The rational planning of residential service streets and landscape streets provides residents with functional and environmentally suitable living conditions and establishes a smooth transition between the CBD and residential areas. This spatial and functional transition helps balance the intense commercial activities of the CBD with the tranquil living needs of residential areas. Residential service streets mainly focus on providing facilities that cover various aspects of daily life, including food and beverage, financial institutions, science and education, automotive services, business residential, life services, leisure and entertainment, healthcare, and fitness. The centralised layout of these features makes the residential areas convenient and efficient, enhancing residents’ life satisfaction and quality. In urban planning, the strategic layout of these service facilities plays a significant role in enhancing the attractiveness and comfort of residential areas. It is an essential factor in improving the sustainable development capabilities of urban residential zones.
The category of landscape streets exemplifies the integration of green and recreational spaces within the city, especially during rapid urbanisation processes where green spaces are often insufficient in inner-city areas. Transitioning typical large-scale green street types like parkways and city boulevards into landscape streets suitable for densely packed urban centres can effectively utilise limited spatial resources to provide residents with the green recreational areas they need. This improves the city’s microclimate and enhances its aesthetic appeal and residents’ wellbeing. The design and maintenance of landscape streets should emphasise their role in the urban ecosystem.
Furthermore, the independent categorisation of heavily trafficked streets highlights their central role in the urban transportation system. This classification underscores their pivotal position in the urban traffic network by thoroughly analysing the public transport points on transitional streets, particularly rail transit stations and bus stops. As the primary connection between the exterior and the city centre, heavily trafficked streets accommodate substantial pedestrian traffic and serve as significant congregation areas. Traditional street classification guidelines often divide traffic streets based on vehicle routes. Still, this study refines the function of transitional streets through PoI data, focusing more on the street’s transportation functions and the throughput and capacity of public transportation facilities. This approach allows urban planners to understand and design city traffic flows more precisely, optimising the configuration of transportation networks, especially regarding public transportation facilities’ layout and adjustments. Recognising heavily trafficked streets as an independent category forms a component of future strategy to enhance urban transportation systems. This approach addresses these areas’ unique demands and challenges, facilitating the development of targeted solutions that improve traffic management and promote sustainability. This strategic emphasis aims to achieve more accessible and convenient urban transport networks suitable for the development and functionality of metropolitan areas like Chongqing. This strategic classification emphasises the need to optimise efficient traffic flows in urban planning, which is an indispensable component of city development.
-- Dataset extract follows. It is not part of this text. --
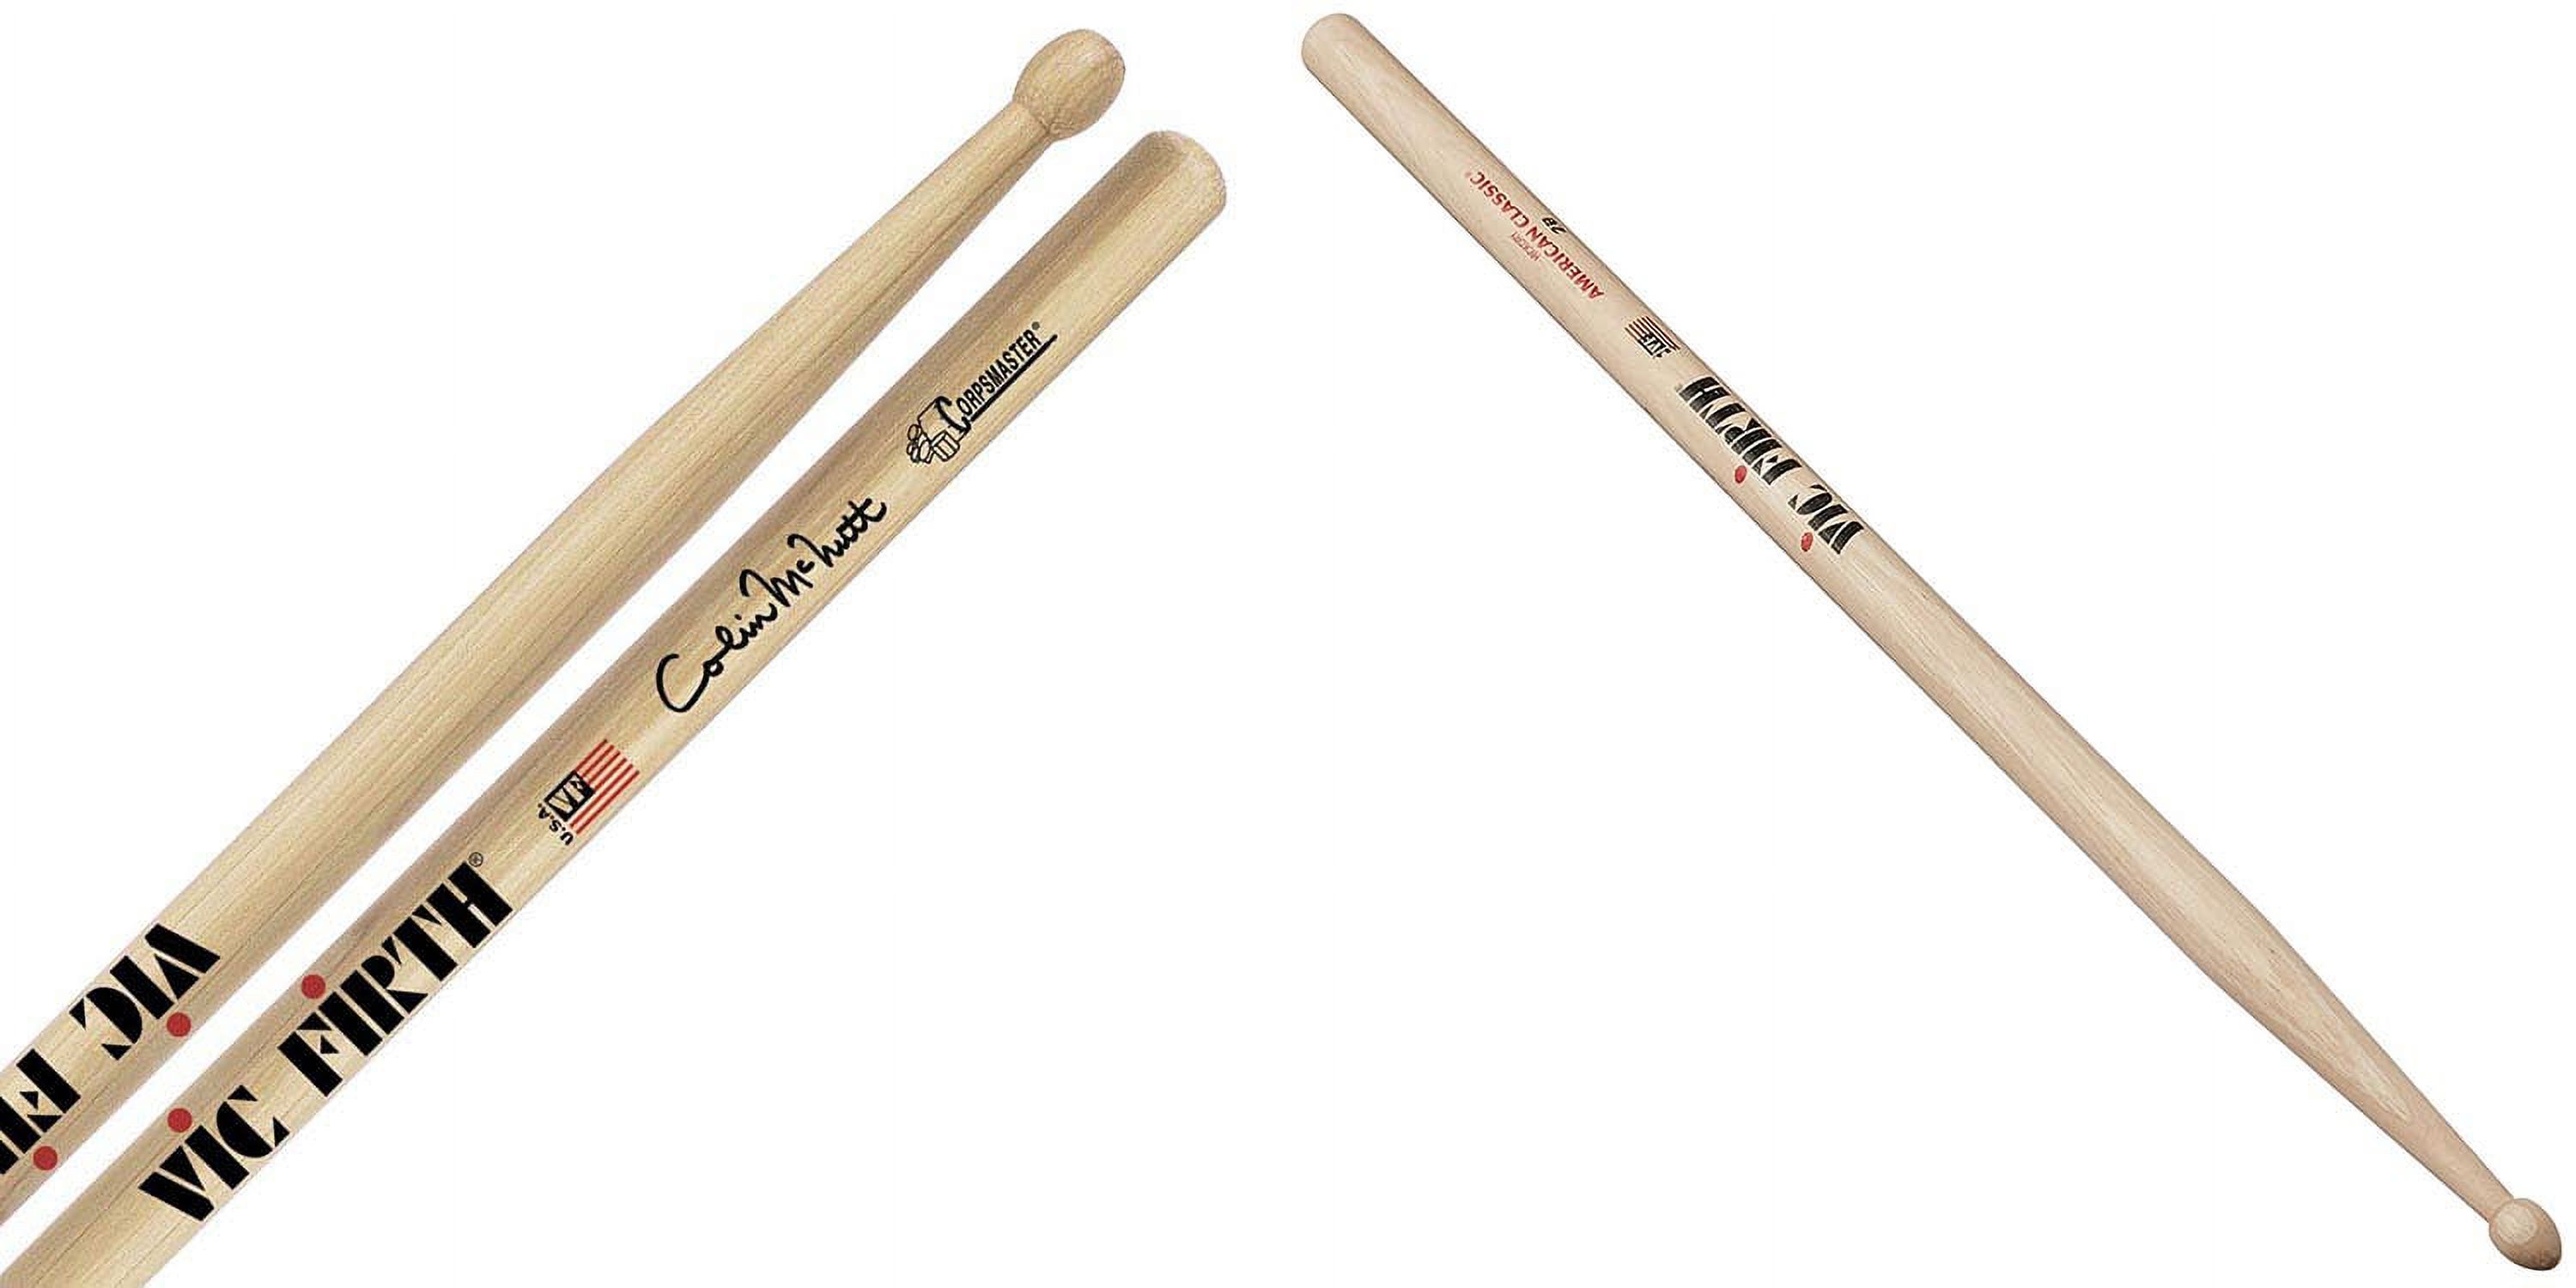 Vic Firth Corpsmaster Signature Snare Sticks Colin McNutt with Vic Firth American Classic 2B Drumsticks - image 3 of 3

The specialised classification of touristic streets plays a role in urban planning and management, especially in tourist cities like Chongqing. This street type emphasises the strategic deployment of tourist resources and highlights the integration of urban landscapes and cultural characteristics, thus enhancing the city’s touristic appeal and cultural image. Analysing PoI data between CBDs and residential areas identifies significant tourist attractions within these transitional zones. These attractions not only boost the city’s economic growth but also bring additional pressure on its social functions, particularly during busy holiday periods when crowds are dense. Therefore, the design and management of touristic streets require planning to handle the pedestrian and traffic demands during peak times. This strategy ensures that various aspects of urban design and functionality are carefully considered, helping to prevent potential disruptions and enhancing the implemented solutions’ efficiency and effectiveness. For example, when designing touristic streets or integrating new transportation systems, comprehensive planning helps meet current needs and anticipate future growth, thus supporting sustainable urban development. Moreover, the particular categorisation of touristic streets can be an independent consideration for future urban planning, especially in emerging tourist cities or cities developing their tourism sector. Especially relevant in cities like Chongqing, which is rapidly developing its tourism sector, the strategic planning of touristic streets is essential. Chongqing, known for its unique landscape and cultural heritage, is increasingly recognised as an emerging tourist destination. This growth in tourism highlights the importance of integrating carefully planned touristic streets that enhance visitor experiences and support the city’s economic expansion in the tourism industry. By thoughtfully designing these streets, cities can better showcase their cultural and historical attributes while enhancing their attractiveness as tourist destinations.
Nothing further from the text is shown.